Por Bernardita Cubillos


Doña Emperatriz Nieto recibió muy compuesta y estirada a la nueva habitante de la casa.
Al abrir la puerta se sorprendió al ver la juventud de aquella mujercita que venía a perturbar
su larga soledad. Era una chica generosa en carnes, pero no se le podría haber calificado de
gorda, sino simplemente de una robustez interesante. “Voluptuosa” fue lo primero que
pensó con algún desagrado doña Emperatriz. Tenía el largo cabello color oscuro y gozaba
de la bendición de unos naturales dientes blancos que hacían graciosa su sonrisa. Era una
chiquilla bastante bonita, aunque no poseía una belleza etérea, sino que testimoniaba una
vida feliz, sana y contundente.
Buenas tardes Ana del Carmen, gusto en conocerla- le saludó con una breve venia. La chica
reaccionó confundida y bajó los ojos. De inmediato, hay que decirlo en merced de la ilustre
dama, sospechó de ella. Que una mujer bajara la mirada al dirigírsele la palabra era mala
cosa. Por lo demás Ana del Carmen parecía bastante sosa, pero a ella no le engañaban con
unos ojitos güeros. Bien sabía que la vida trae muchas desilusiones y ella ya había vivido
muchos años para poder reconocer una al instante. La conocida historia de la niña de campo
que se suelta de trenzas obnubilada por la vida citadina, no era un cuento original a esas
alturas. Sin embargo apeló a su buen corazón y se dijo “caridad”. Su amiga Elvira de las
Nieves le había pedido que acogiera a esta “ñatita” de provincias, sobrina de su costurera,
pues sus padres deseaban verla alojada en un hogar respetable y, claro, no había uno de
mejor reputación que el hogar de doña Emperatriz Nieto. Más aún, había pedido un precio
moderado y conveniente por darle cama y alimentarla. “Caridad y respeto”. Vivir en casa
de doña Emperatriz daba las garantías de un monasterio. En retribución de los sacrificios de
doña Emperatriz, se había acordado que Ana del Carmen colaboraría con algunas labores
del hogar cuando sus estudios le permitiesen hacerlo.

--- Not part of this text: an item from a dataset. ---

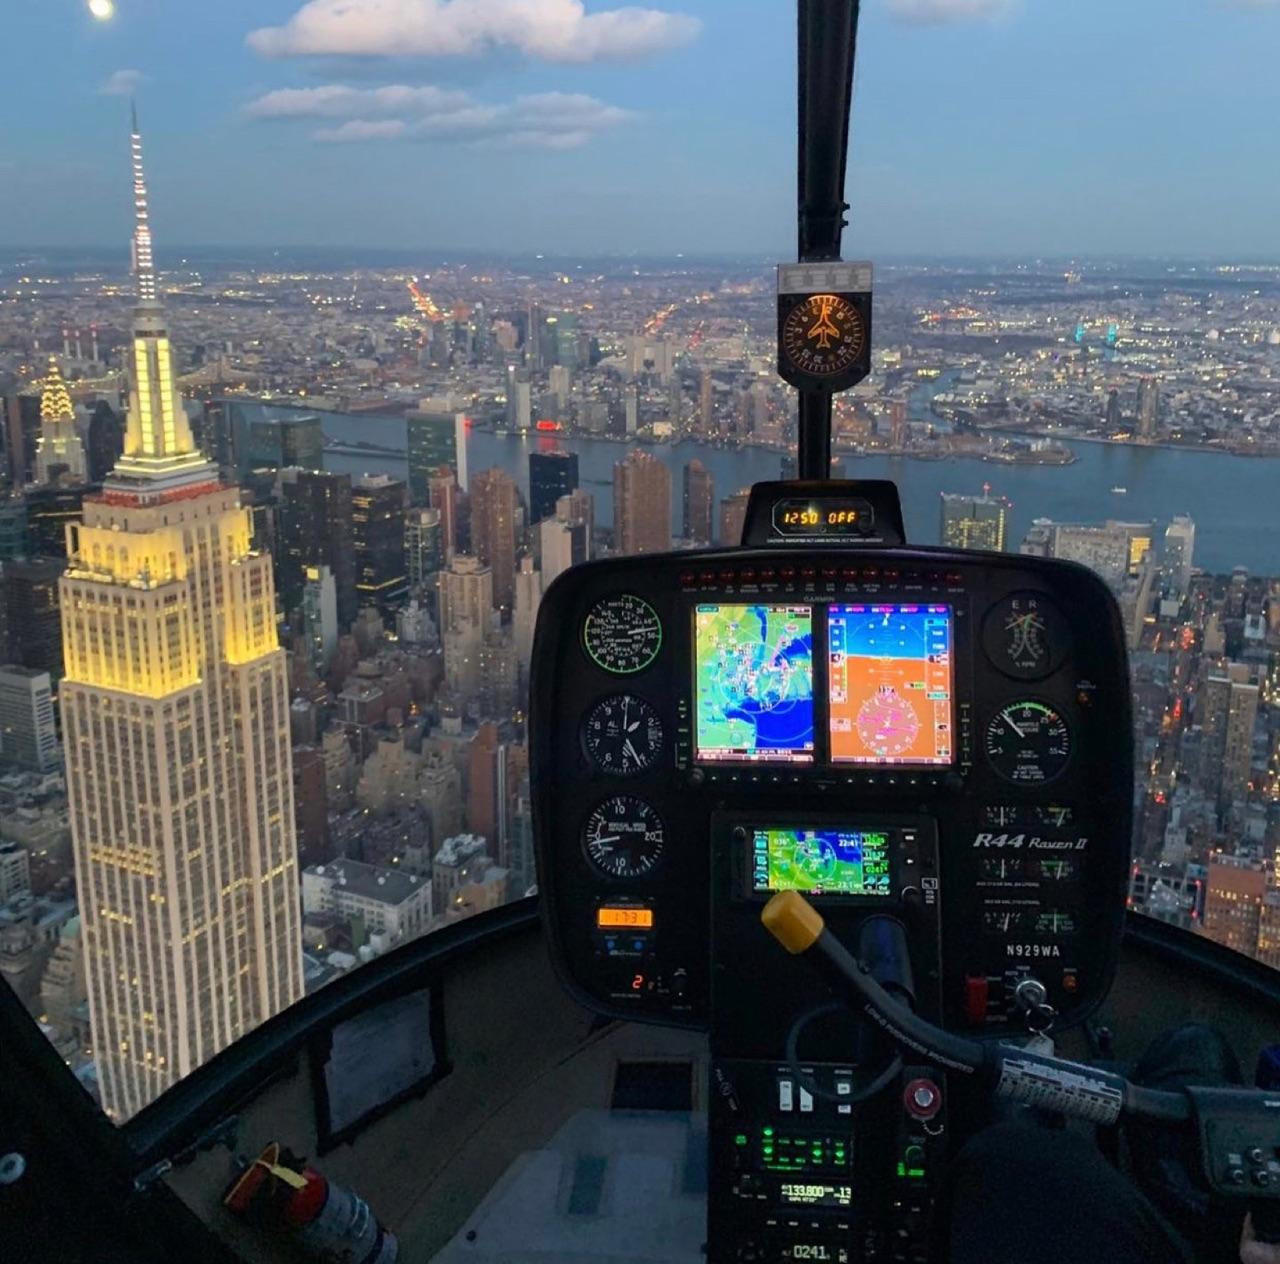 newyork and travel image

-Buenas tardes, chica- repitió algo exasperada al no recibir respuesta.
- Carmelita- murmuró ella.
- ¿Cómo dice chica?
- Carmelita- dijo más alto, pero con la cerviz baja.
- Haga el favor de levantar la cabeza, Ana del Carmen, cuando me salude. Buenas tardes.
A doña Emperatriz no le gustaba tratar a las jóvenes como si fueran princesas regalonas.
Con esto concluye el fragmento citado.